- **What is needed**:
Print the whole listing again exactly, keeping no pictures in it.

- **Source data**:

■ ■ ■ ■

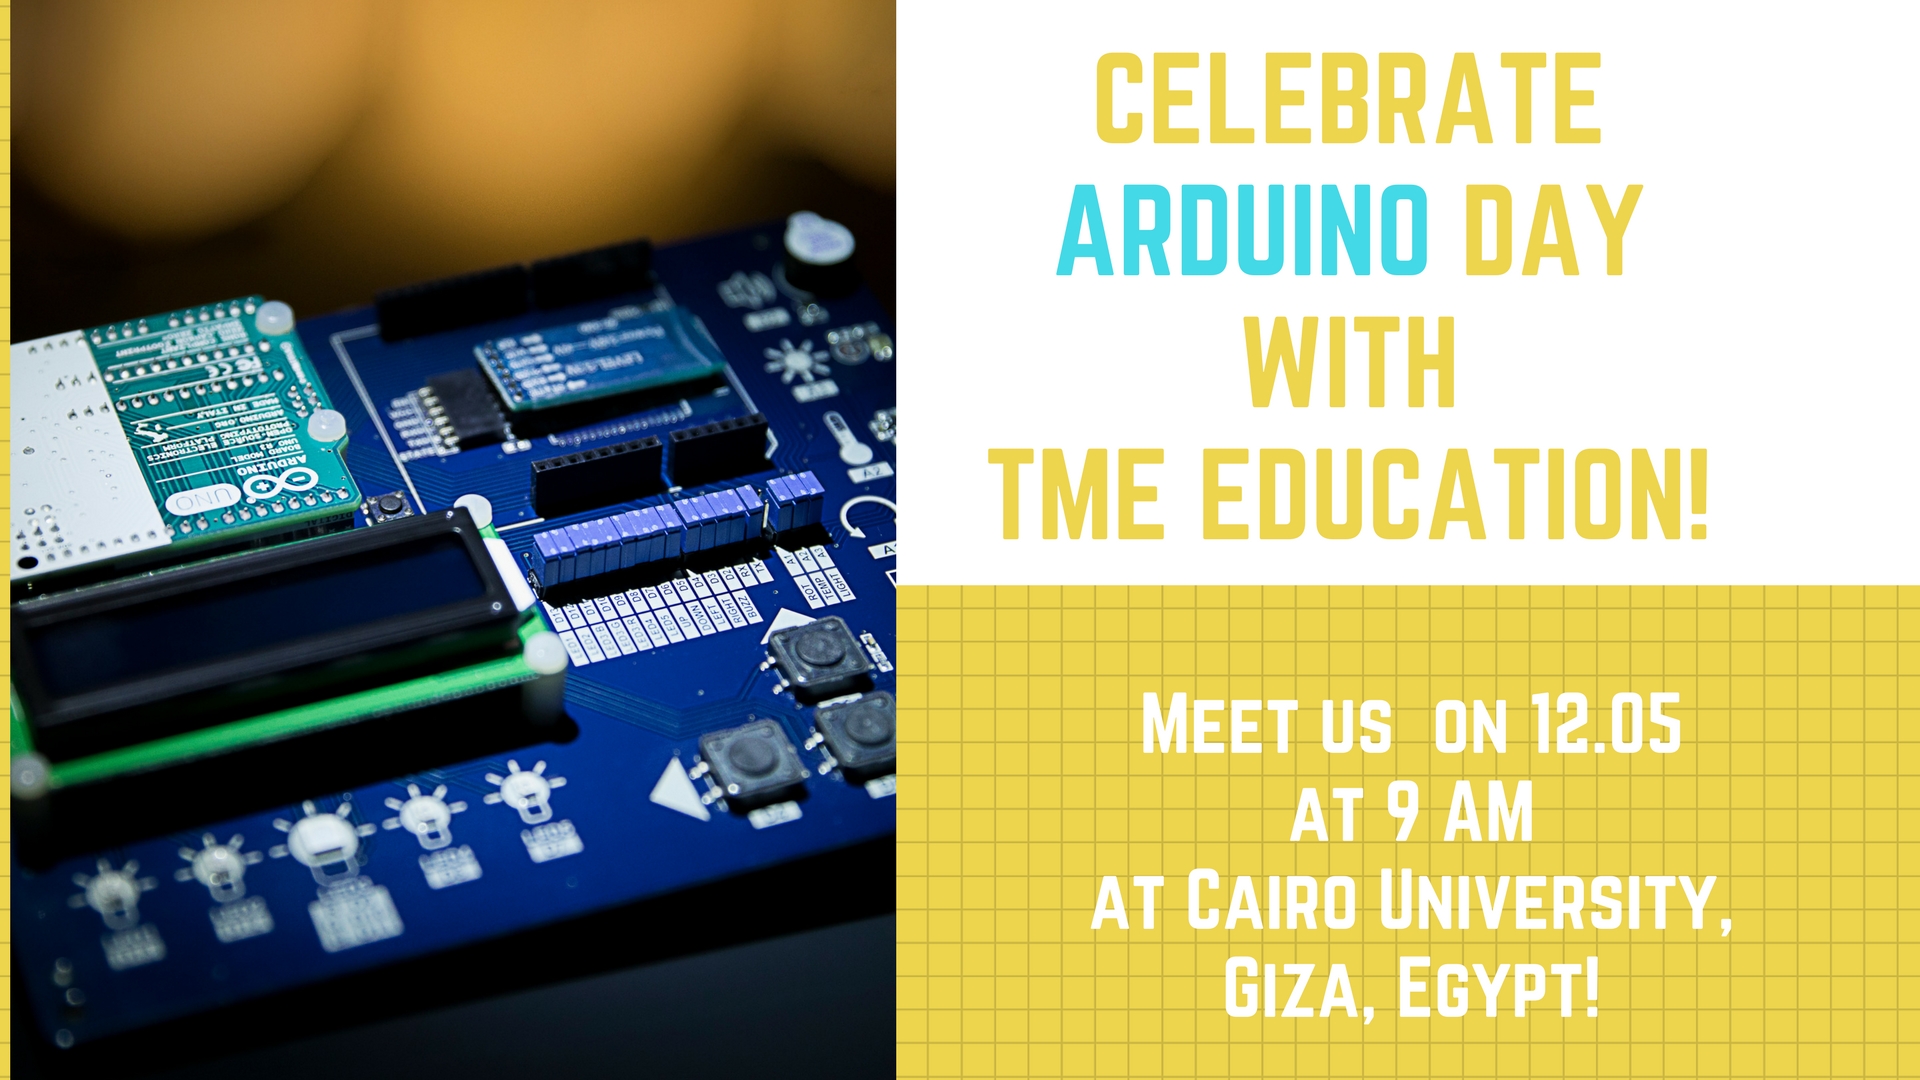 Arduino birthday! Let's celebrate it together in Egypt!
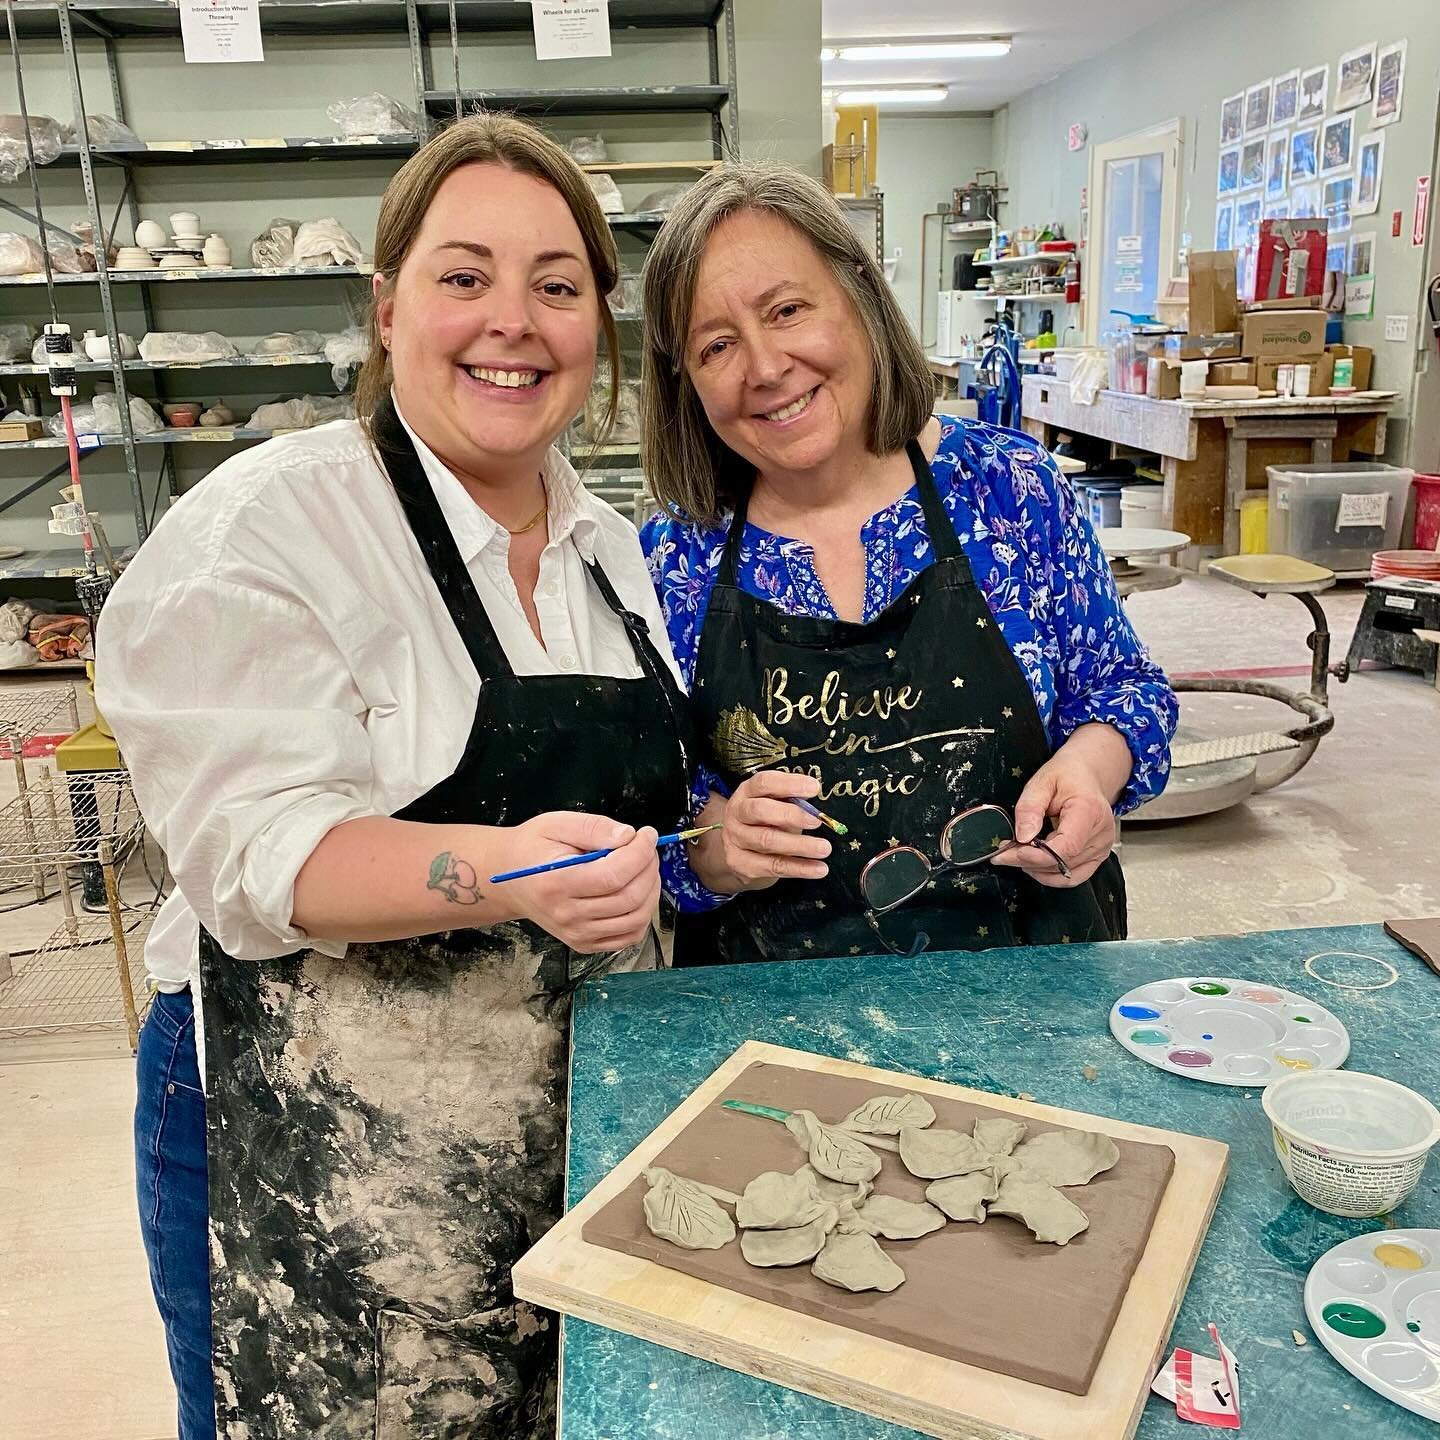 Happy Mother&rsquo;s Day to all the moms, godmothers, grandmothers, caregivers, and people in our lives who nurture! Yesterday was a fun day in our studios with a ceramic floral mirror frame workshop led by Jeff Dean. A creative day with clay is the 
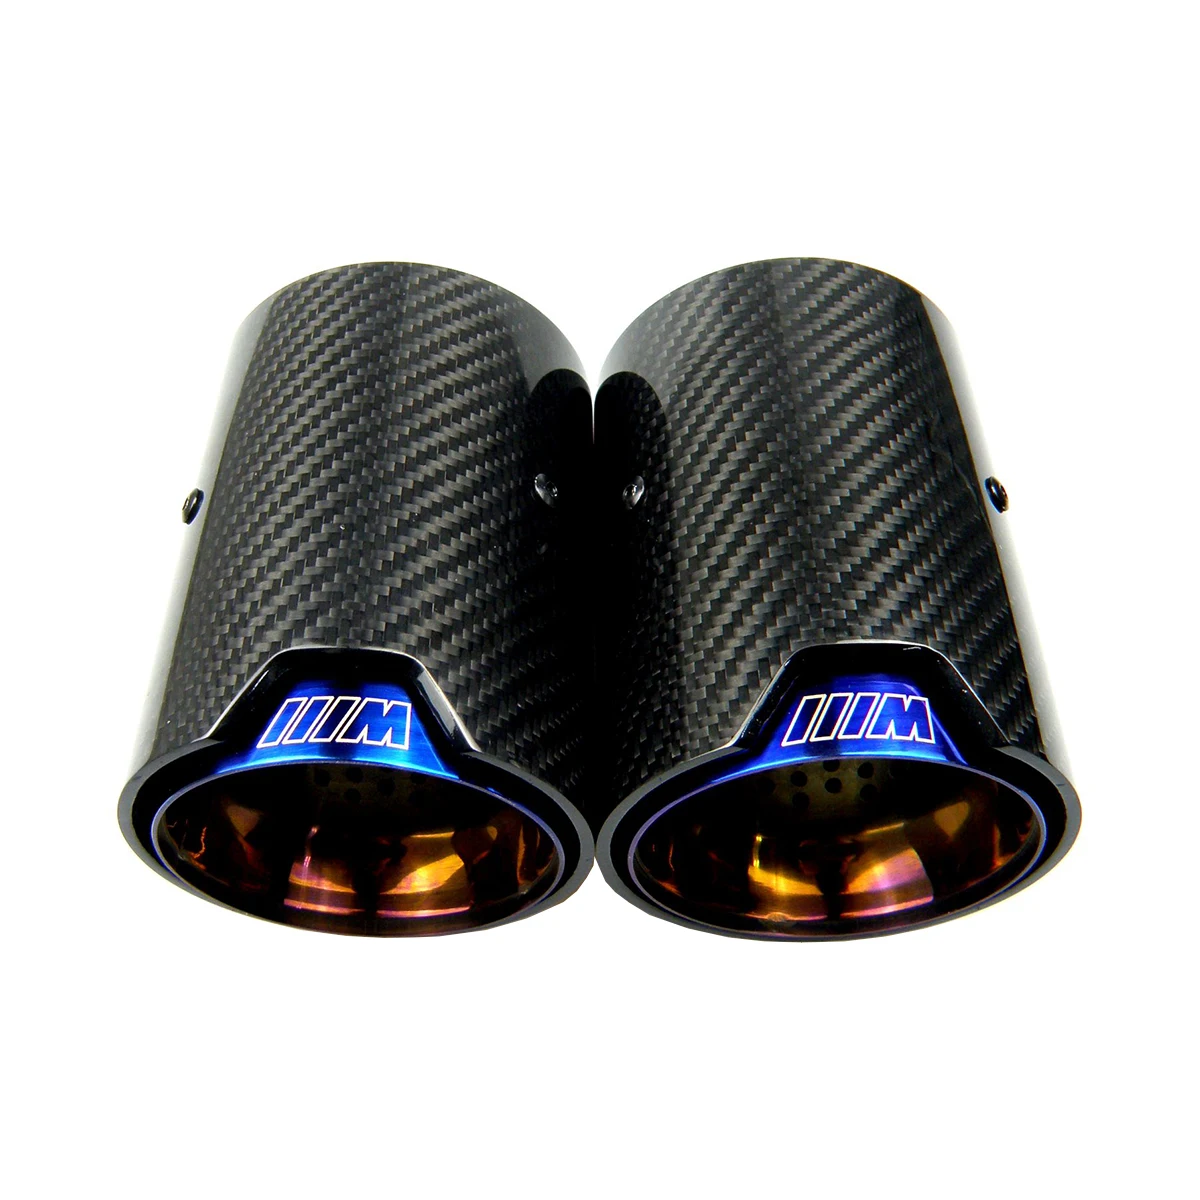 1 Piece Burnt Blue Carbon Fiber Exhaust Tip Muffler For BMW M Performance exhaust pipe M2 F87 M3 F80 M4 F82 F83 M5 F10 M6 F12 enlarge

■ ■ ■ ■

- **Output for this task**:
 Arduino birthday! Let's celebrate it together in Egypt!
 Happy Mother&rsquo;s Day to all the moms, godmothers, grandmothers, caregivers, and people in our lives who nurture! Yesterday was a fun day in our studios with a ceramic floral mirror frame workshop led by Jeff Dean. A creative day with clay is the 
 1 Piece Burnt Blue Carbon Fiber Exhaust Tip Muffler For BMW M Performance exhaust pipe M2 F87 M3 F80 M4 F82 F83 M5 F10 M6 F12 enlarge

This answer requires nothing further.